* _EXERCISE REQUIREMENTS_
In this exercise, print only the lines of the records below from the one with "Une page d'accueil" through the one with "童謡『故郷』を優しくピアノソロでの未再生の波形", inclusive. Pictures are not part of the copy.

* _MATERIAL FOR THIS EXERCISE_
★ ★ ★ ★
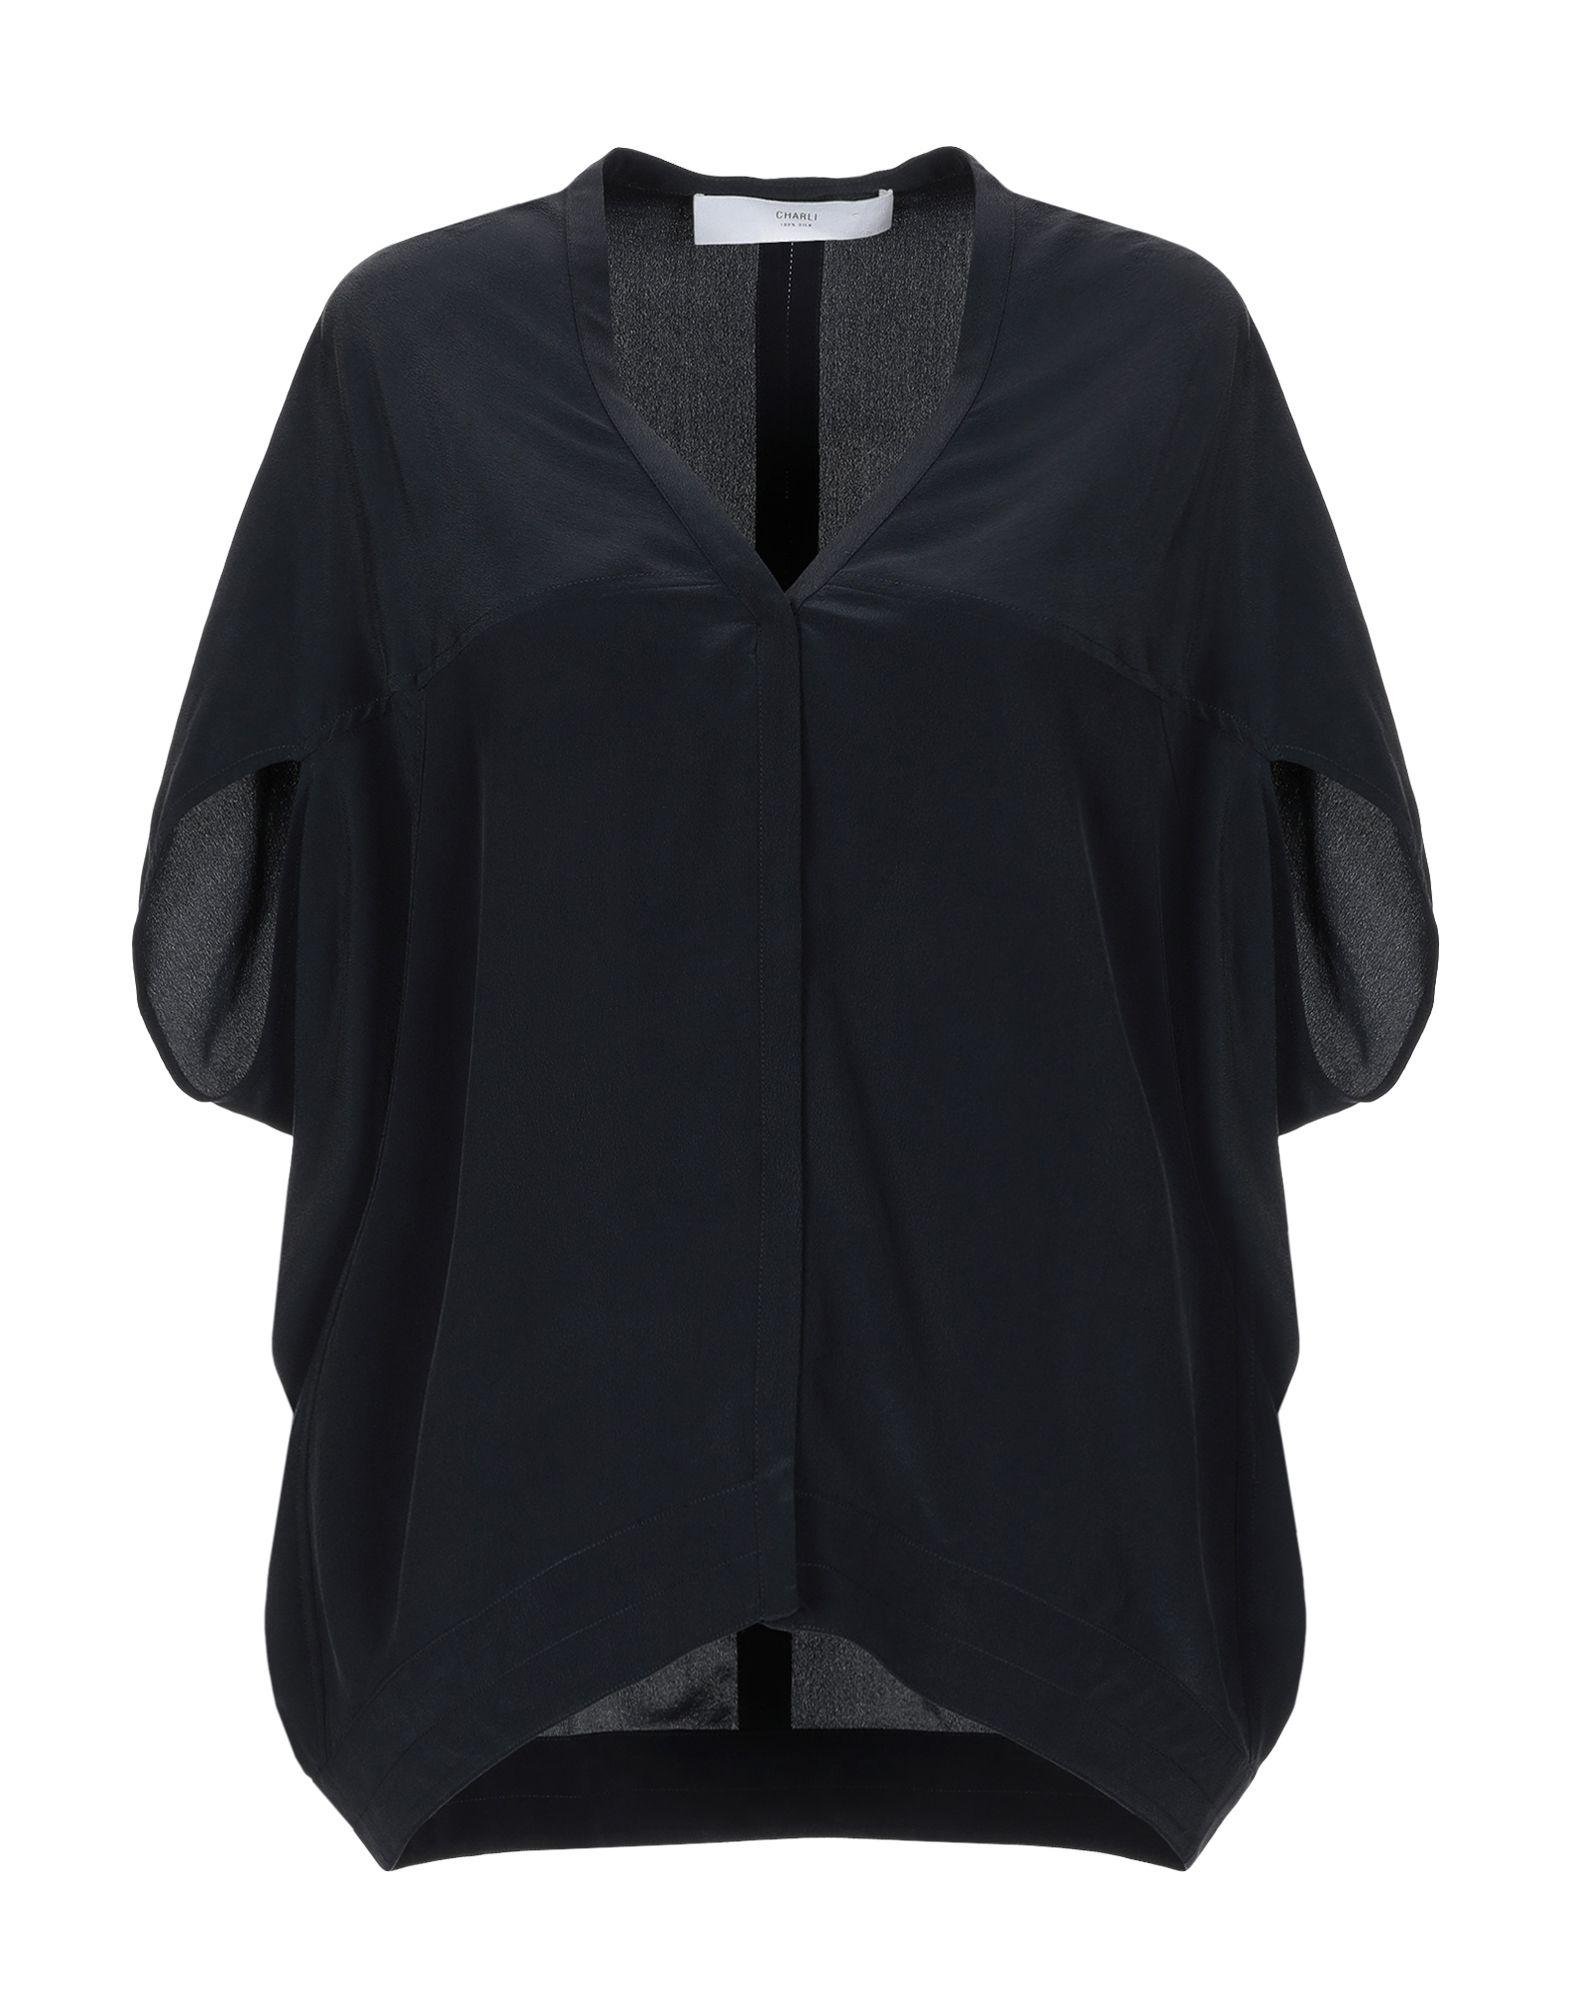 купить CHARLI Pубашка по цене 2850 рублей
★ ★ ★ ★
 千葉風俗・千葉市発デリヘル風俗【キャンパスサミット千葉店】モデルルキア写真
★ ★ ★ ★
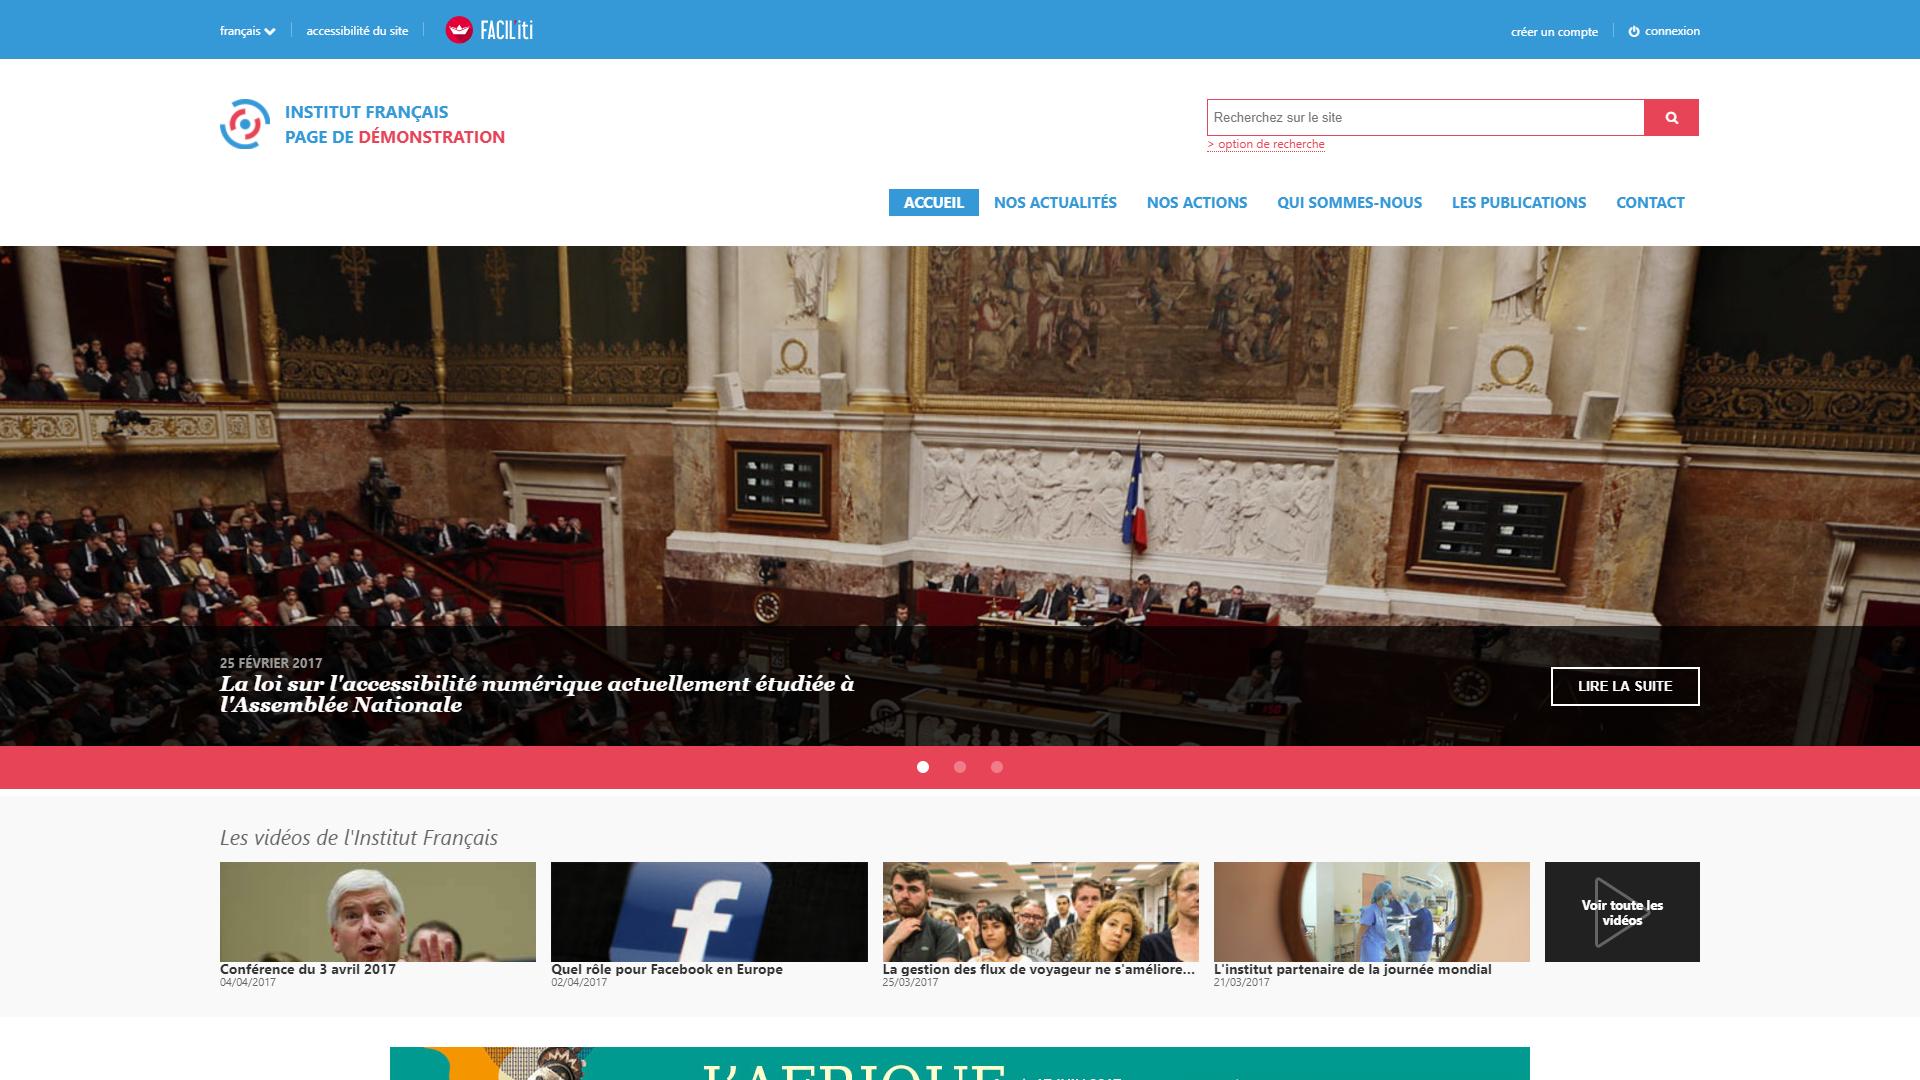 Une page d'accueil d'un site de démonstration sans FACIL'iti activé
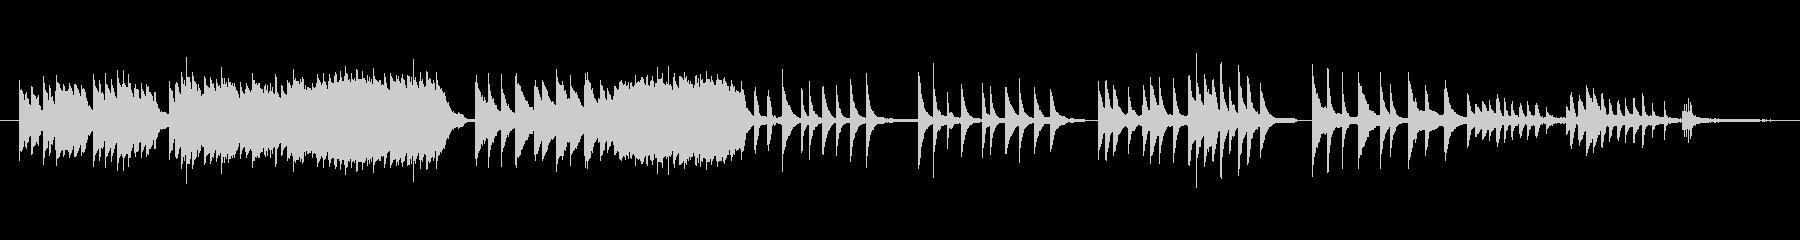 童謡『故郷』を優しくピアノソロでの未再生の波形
★ ★ ★ ★
* _RESPONSE BOX_
 Une page d'accueil d'un site de démonstration sans FACIL'iti activé
 童謡『故郷』を優しくピアノソロでの未再生の波形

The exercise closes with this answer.